Like many others, I disabled the Location services feature of my phone in the aftermath of Edward Snowden’s whistleblowing in May 2013.
I was seriously concerned with my data privacy. But now PRISM, the NSA program for surveillance of the public, has been relegated to the lower parts of consciousness. It pops up every once in a while, but mainly as a reminder not to trust the “benevolent” government too far.
What most seems to have forgotten in this affair is the source of all the data.

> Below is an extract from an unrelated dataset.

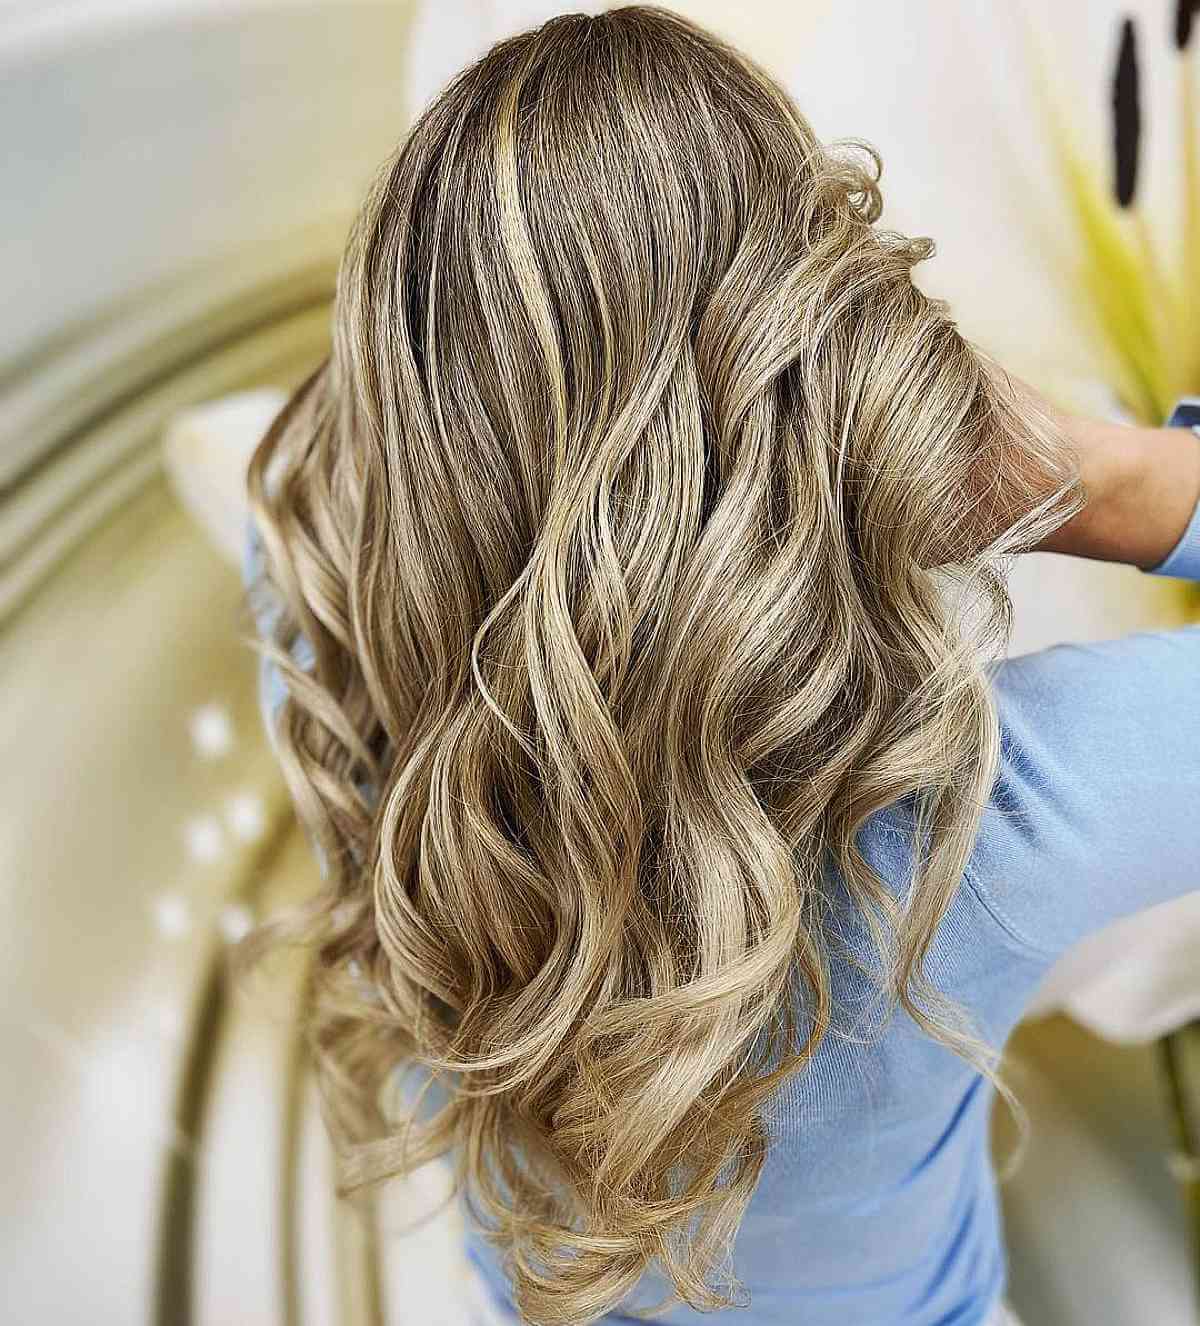 What Are Lowlights? Is it Right for Your Hair? - Hairstyles Weekly

NSA would not have much data to scatter through their PRISM without the usual suspects Apple, Google, Microsoft and Facebook, with the help of telecommunication operators. With the Google acquisition of Nest, an intelligent home company, Apple’s Homekit, Samsungs Smart Home Service and Microsoft’s partnership with Smartlabs they will “move in” to our homes. The potential benefits are enticing, with the Internet of Things around the corner, we will soon be able to control our home from the other side of the globe, if need be. Turn on/off appliances, home security, climate control, checks what’s in the fridge (or get a shopping list) and send your robot vacuum cleaner on an extra round around the house before the guests arrive. The list of things we can automate and remote control could go on, I’ve not even mentioned self-driving cars. But it does not stop there.
Apple’s Health app and Google’s investment in companies such as 23andme (genotyping) and Flatiron Health (cancer analytics) is the first step to “move in” to our genes and our health.
Aggregate all this information and you have what I’d describe as an omniscient corporation, with the knowledge of all your actions, and the predictive power that comes from billions of sensors and users. Our privacy is easily side-stepped via endless user license agreements.
Or, put in another way, “Privacy may be an anomaly” as Google’s Vint Cerf chose to express it.
Science fiction? All of the above mentioned services exist, they have not yet been integrated and aggregated, but it is where we’re heading. Will Philip K. Dick, the author of Minority Report, be proven an oracle, in the same way as George Orwell was?
Luckily there are forces opposing this development.
EU and US policy makers are scratching their heads trying to understand the development and protect the privacy and integrity of their citizens. At the same time, they very much would like to access our data in the wake of legislation like the “Protect America Act”.
There is much effort being made from the traditionally freedom loving academia to develop open standards and the open web movement is still influential enough match the drift toward private webs.
Much is in the hands of us consumers, we need to demand privacy and the right to control our personal data and think twice when giving consent to it being used for other purposes than that of the widget we bought. Will we?
Like many others, I have re-enabled the Locations services again, it is so convenient.